Carbon credits create a market for reducing greenhouse emissions by giving a monetary value to the cost of polluting the air. Emissions become an internal cost of doing business and are visible on the balance sheet alongside raw materials and other liabilities or assets.
For example, consider a business that owns a factory putting out 100,000 tonnes of greenhouse gas emissions in a year. Its government is an Annex I country that enacts a law to limit the emissions that the business can produce. So the factory is given a quota of say 80,000 tonnes per year. The factory either reduces its emissions to 80,000 tonnes or is required to purchase carbon credits to offset the excess. After costing up alternatives the business may decide that it is uneconomical or infeasible to invest in new machinery for that year.
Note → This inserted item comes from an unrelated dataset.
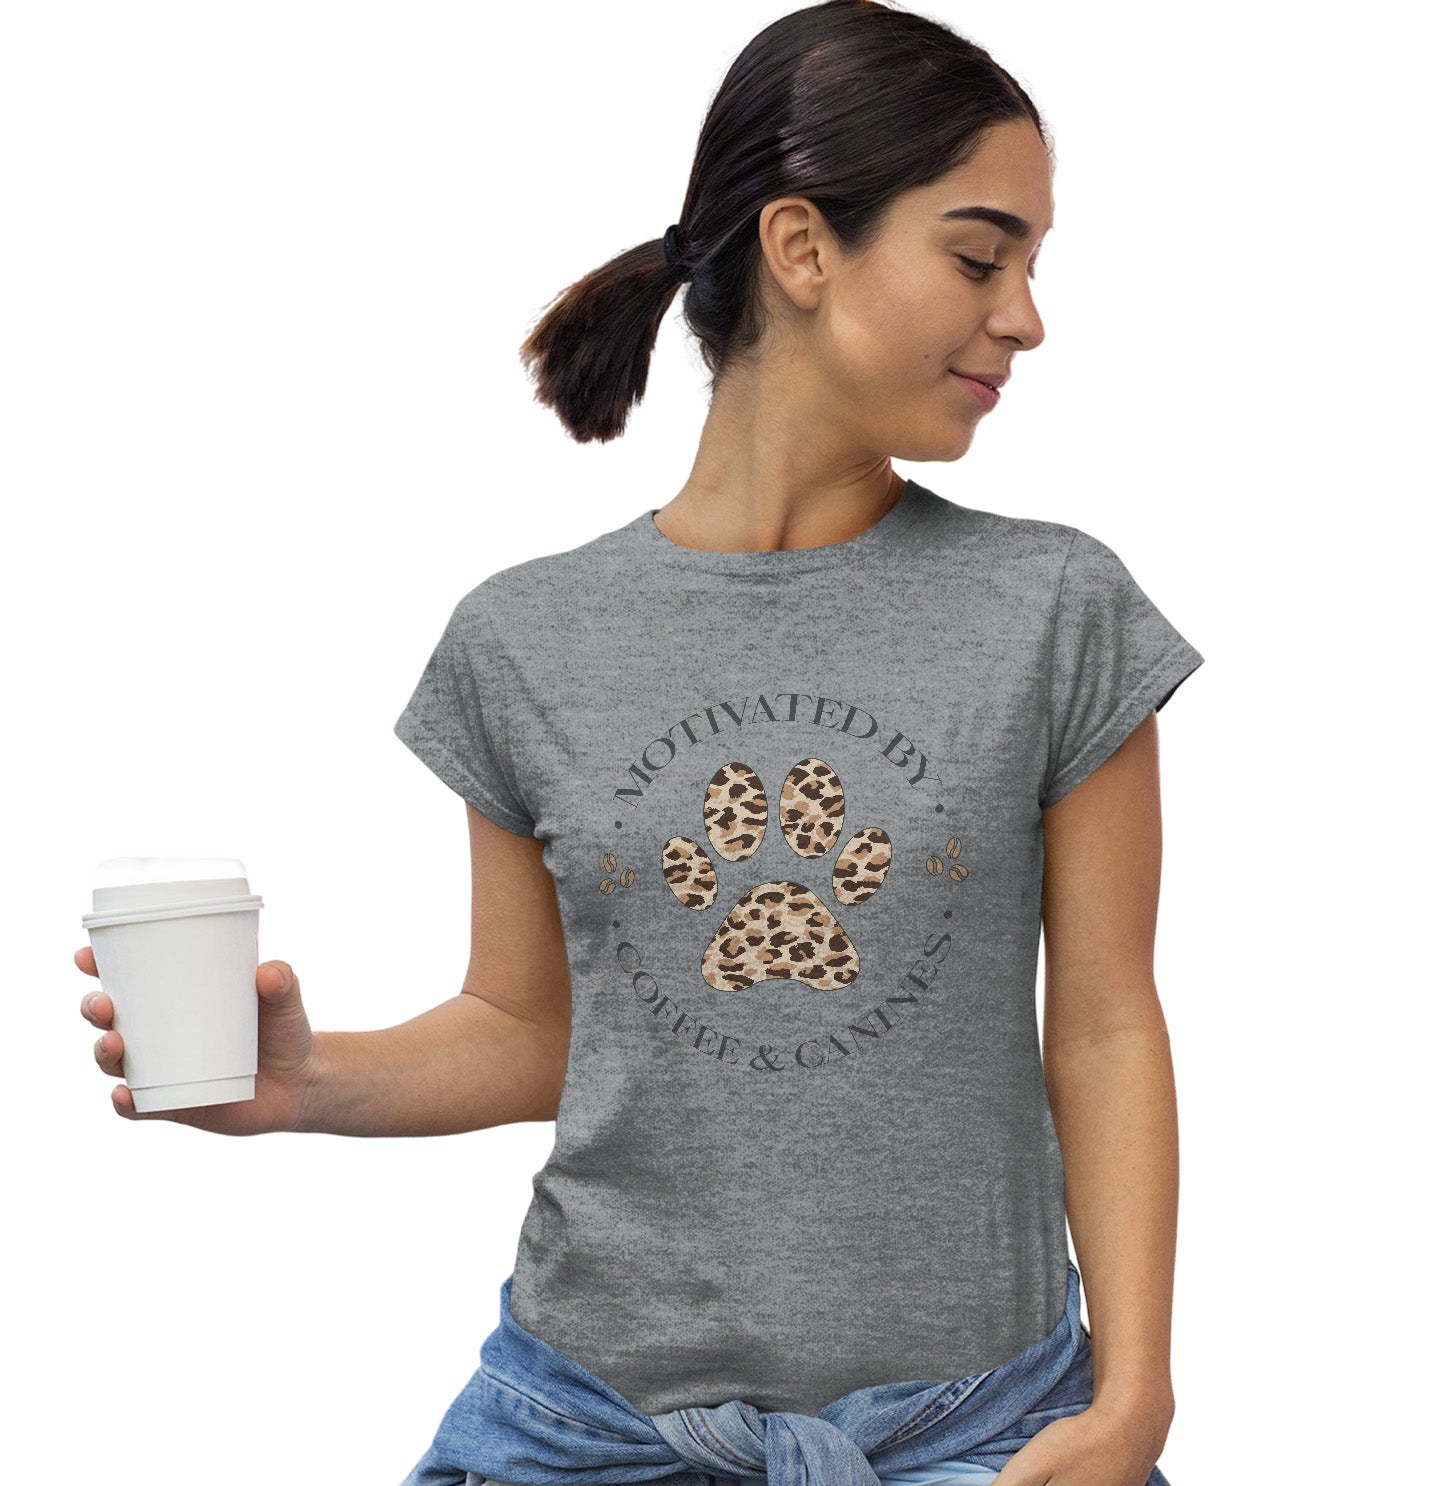 Motivated by Coffee and Canines - Women's Fitted T-Shirt

Instead it may choose to buy carbon credits on the open market from organizations that have been approved as being able to sell legitimate carbon credits.
We should consider the impact of manufacturing alternative energy sources. For example, the energy consumed and the Carbon emitted in the manufacture and transportation of a large wind turbine would prohibit a credit being issued for a predetermined period of time.
- One seller might be a company that will offer to offset emissions through a project in the developing world, such as recovering methane from a swine farm to feed a power station that previously would use fossil fuel. So although the factory continues to emit gases, it would pay another group to reduce the equivalent of 20,000 tonnes of carbon dioxide emissions from the atmosphere for that year.
- Another seller may have already invested in new low-emission machinery and have a surplus of allowances as a result. The factory could make up for its emissions by buying 20,000 tonnes of allowances from them. The cost of the seller's new machinery would be subsidized by the sale of allowances. Both the buyer and the seller would submit accounts for their emissions to prove that their allowances were met correctly.
Credits versus taxes
Carbon credits and carbon taxs each have their advantages and disadvantages. Credits were chosen by the signatories to the Kyoto Protocol as an alternative to Carbon taxes. A criticism of tax-raising schemes is that they are frequently not hypothecated, and so some or all of the taxation raised by a government would be applied based on what the particular nation's government deems most fitting. However, some would argue that carbon trading is based around creating a lucrative artificial market, and, handled by free market enterprises as it is, carbon trading is not necessarily a focused or easily regulated solution.
By treating emissions as a market commodity some proponents insist it becomes easier for businesses to understand and manage their activities, while economists and traders can attempt to predict future pricing using market theories. Thus the main advantages of a tradeable carbon credit over a carbon tax are argued to be:
- the price may be more likely to be perceived as fair by those paying it. Investors in credits may have more control over their own costs.
- the flexible mechanisms of the Kyoto Protocol help to ensure that all investment goes into genuine sustainable carbon reduction schemes through an internationally agreed validation process.
- some proponents state that if correctly implemented a target level of emission reductions may somehow be achieved with more certainty, while under a tax the actual emissions might vary over time.
- it may provide a framework for rewarding people or companies who plant trees or otherwise meet standards exclusively recognized as "green."
The advantages of a carbon tax are argued to be:
- possibly less complex, expensive, and time-consuming to implement. This advantage is especially great when applied to markets like gasoline or home heating oil.
- perhaps some reduced risk of certain types of cheating, though under both credits and taxes, emissions must be verified.
- reduced incentives for companies to delay efficiency improvements prior to the establishment of the baseline if credits are distributed in proportion to past emissions.
- when credits are grandfathered, this puts new or growing companies at a disadvantage relative to more established companies.
- allows for more centralized handling of acquired gains
- worth of carbon is stabilized by government regulation rather than market fluctuations. Poor market conditions and weak investor interest have a lessened impact on taxation as opposed to carbon trading.